相手は70代後半ぐらいのお爺ちゃん。ガラケーユーザーで、スマホは使ったことがない。

そんな方にも売れるなんて、さすがだなぁとその時は思っていた。

 

数日後、そのお爺ちゃんが再来店された。

タブレットを解約したい」とのことだった。

 

私が対応することになり、「今解約すると解約金がかかること」「2年間使えば、毎月の利用料金はかかるが、サポートが付くのでそれで機種代は実質0円になること」を再度説明したが、それでも解約したいと言う。

 

「こんなの使いこなせるわけがないのに…ちゃんと考えずに契約しちゃった自分が悪いんです…。お金はかかってもいいから、今すぐ解約したいです。」

 

エース先輩なら、ここでまたいろんな活用法を言葉巧みに説明し、説得できただろうか。

私にはできなかった。なんとか引き留めようとしたけど、私の力量では無理だった。

 

結局お爺ちゃんは、解約金と違約金、合計で3万円以上を支払っていった。

ほとんど使ってないタブレットに、3万円。

 

エース先輩も、もし厳しいノルマに追われていなければ、最初から年配の方にまで売ることはなかったのではないか。

 

なに、このクソみたいな仕事。

私、なにしてるんだろう。

 

そう思う場面は何度もあった。鬼店長が来てから特に増えた。

 

「この人にはこのスペックの機種で充分だ」とわかっていても、インセンティブのあるハイエンドモデルをおすすめする。

 

「この人には必要ないんじゃないかな…」と思っていても、クレジットカードやオプションサービスを訴求する。

 

故障で来たお客様には、修理より機種変更に誘導する。

 

お金にならないお客さんに時間を割いていると、「ボランティアじゃないんだから、その辺で切り上げて。」とインカムが飛んでくる。

 

お客様第一じゃなくて、お店の利益第一。

理想と現実のギャップ。

 

辞めたい、とずっと思っていて、ある日、資格試験のことで鬼店長に叱られた時に限界が来た。

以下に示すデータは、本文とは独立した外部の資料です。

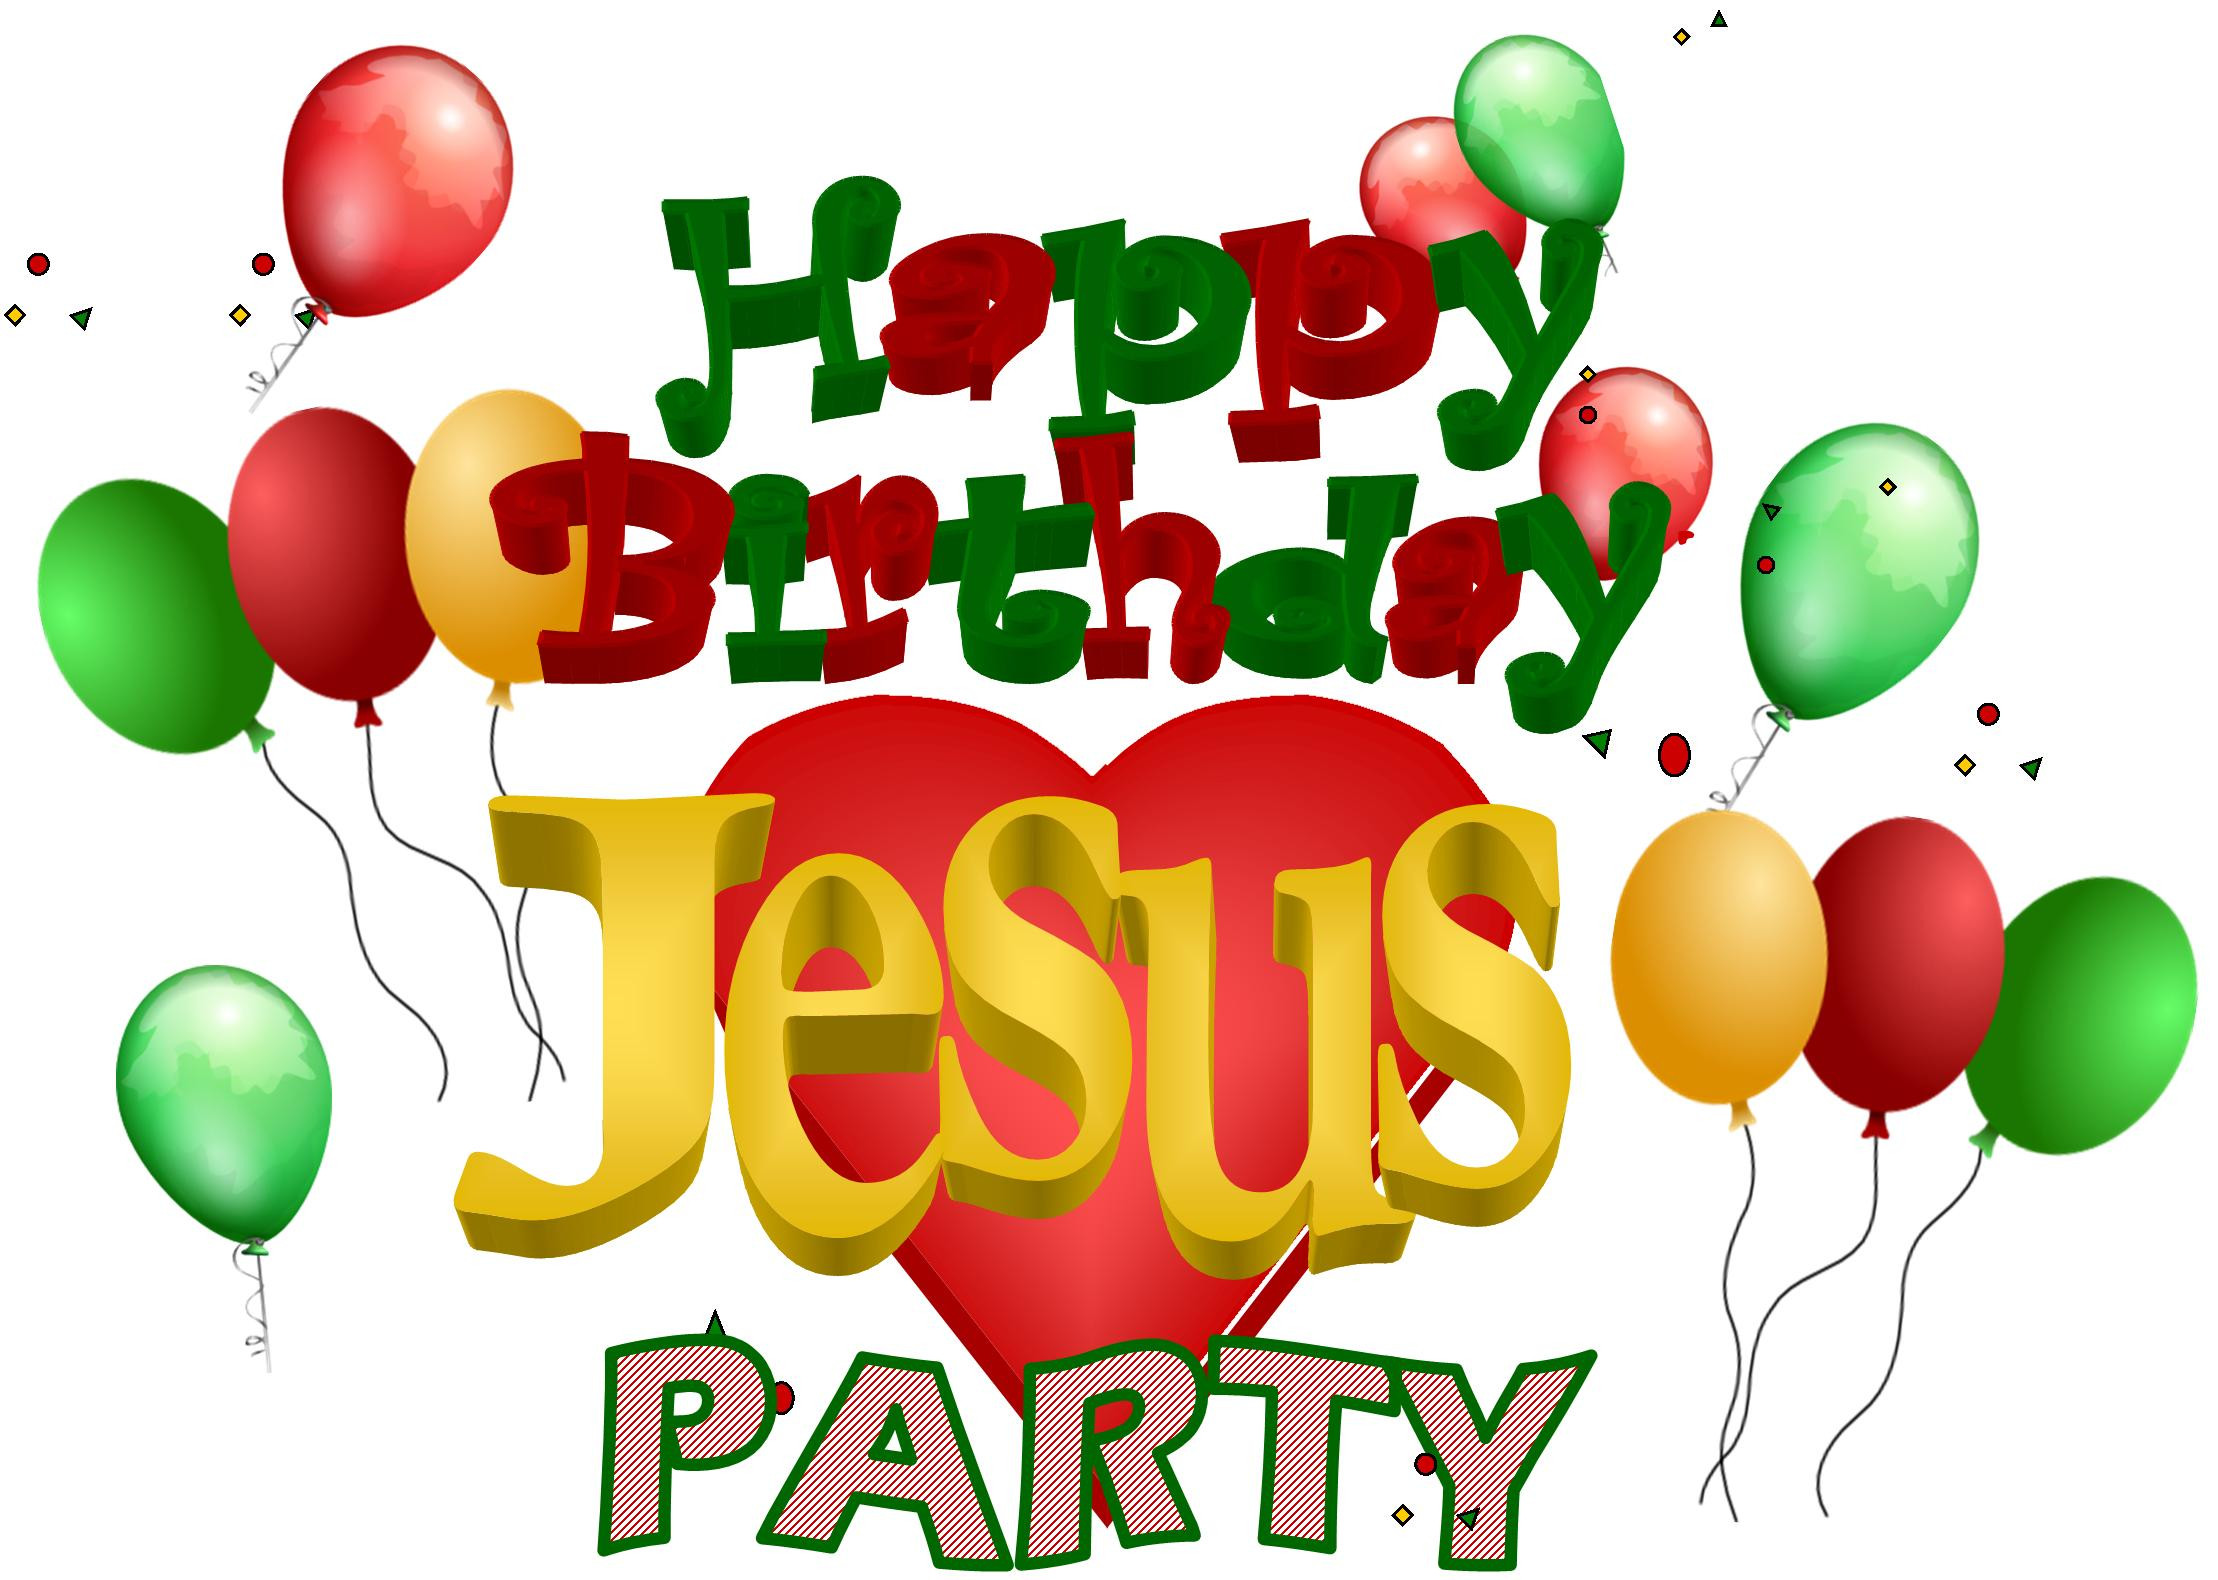 Happy Birthday Jesus Party
 Happy Birthday Jesus Party CCLBKids

ノルマに追われ、鬼店長にビクビクしながら過ごす毎日、誇りの持てない仕事…

泣きながらもう辞めますと言った私を、エース先輩は引き留めてくれたが、もう続けるのは無理だった。

 

逃げるように辞めたので、結局あれから一度もお店に顔を出せていない。

皆、元気にしてるかな。

全員書ききれなかったけど他にも、オバチャン副店長純粋後輩君イケイケ姉さんエリート応援さんハゲ光おじさんコミュ力派遣さんぬぼっと後輩君シンママさんナマステ副店長がいて、皆本当に大好きで、写真を見返していたら思わず「なんで辞めちゃったんだろう」って寂しくなるぐらい。

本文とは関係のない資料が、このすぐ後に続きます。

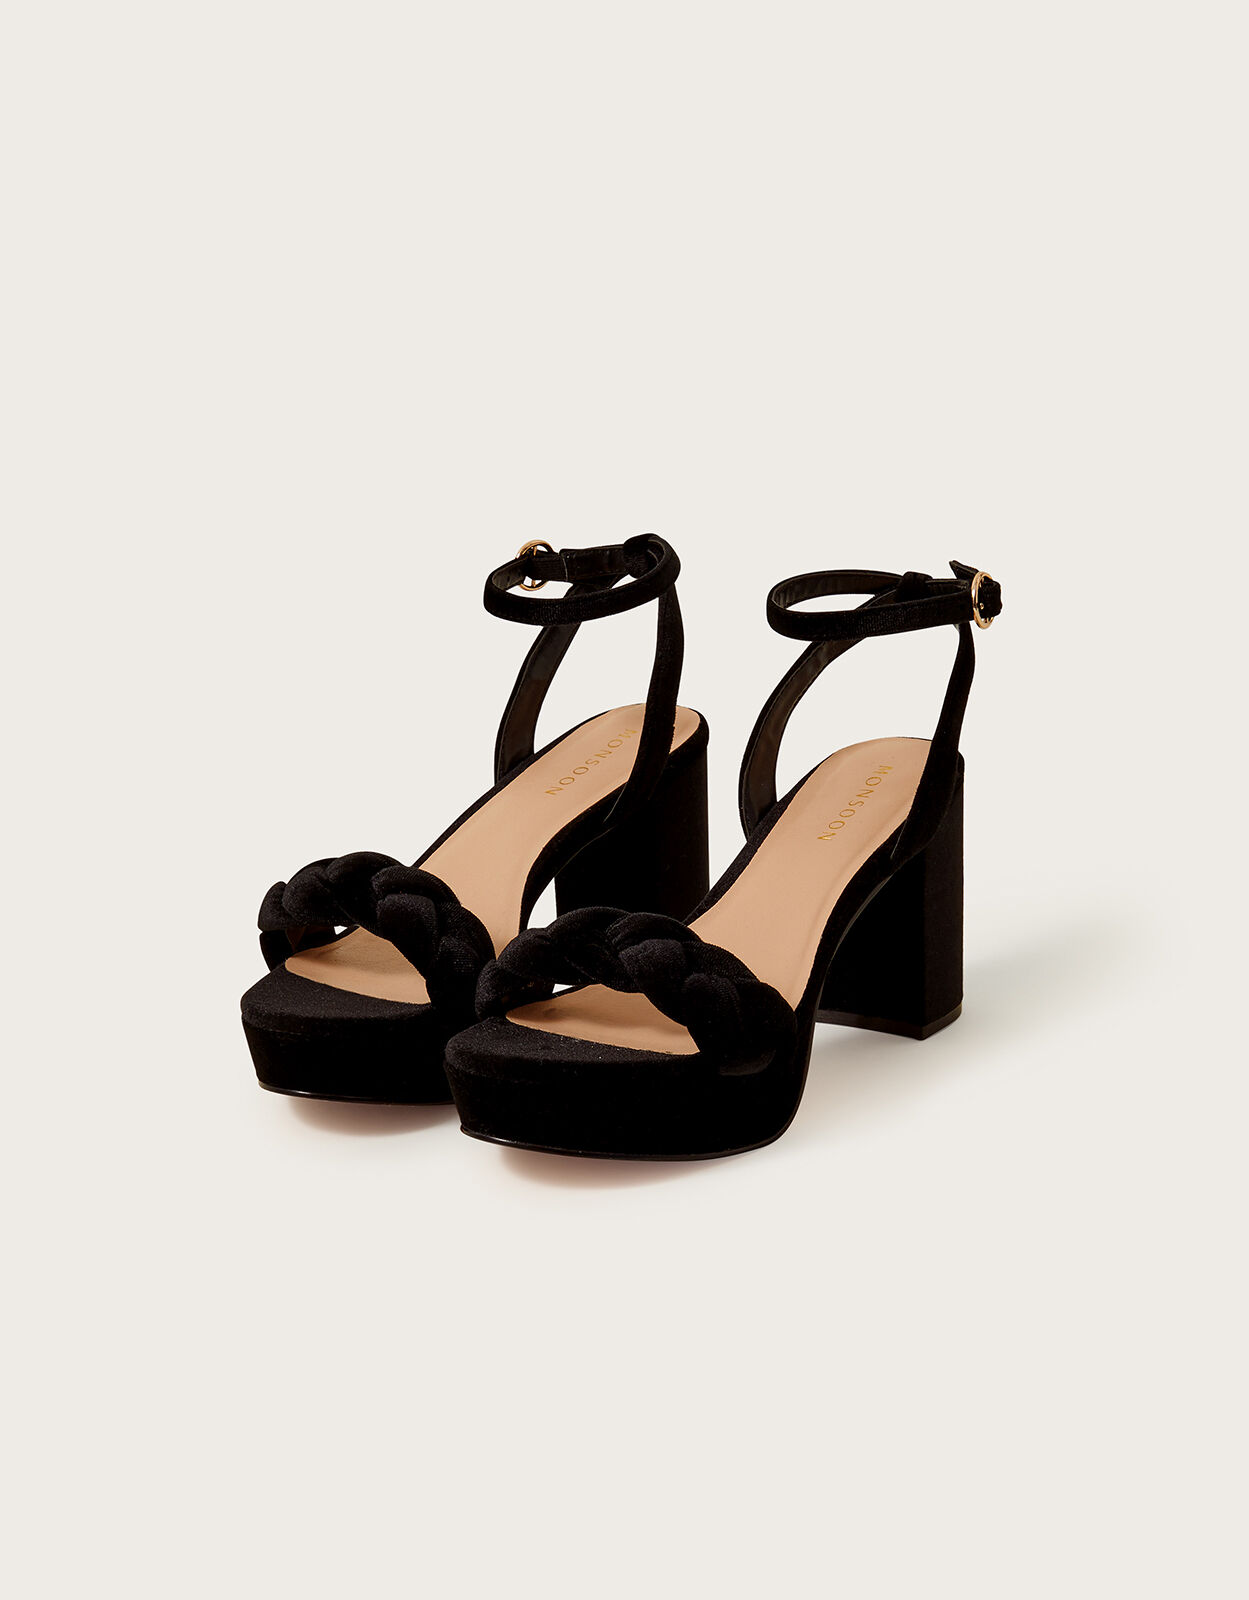 Black Cross Strap Block Heel Sandal | Shoes | Block heels sandal, Sandals  heels, Black strappy heels

たぶん、もう全員入れ替わって知ってる顔がいないだろうな。

 

コロナが蔓延してからは、お店の営業方針もきっとガラリと変わっただろう。

店舗に人を呼んではいけない、来店予約のお客様しか受け付けない、契約変更などネットでできる用件はネットで済ませてもらう、など。

そうすると、ノルマとかもあんまり厳しくないのかな?

MVNO(格安SIM)にどんどんお客を取られっぱなし?

今どんな状況かはわからないけど、もう戻りたくはないかな。

 

思い出として残しておきたかっただけなので何のオチもなくてすみません。もちろん全ての携帯ショップが利益優先の指導をされているわけではないと思います。最後まで読んでくれてありがとうございました!

「退職後でも会社の機密は洩らさないでネ」的な書類にサインしたから、なるべくアバウトに書くように努めたけど、ギリギリセーフ?アウト?消さないでくれ~!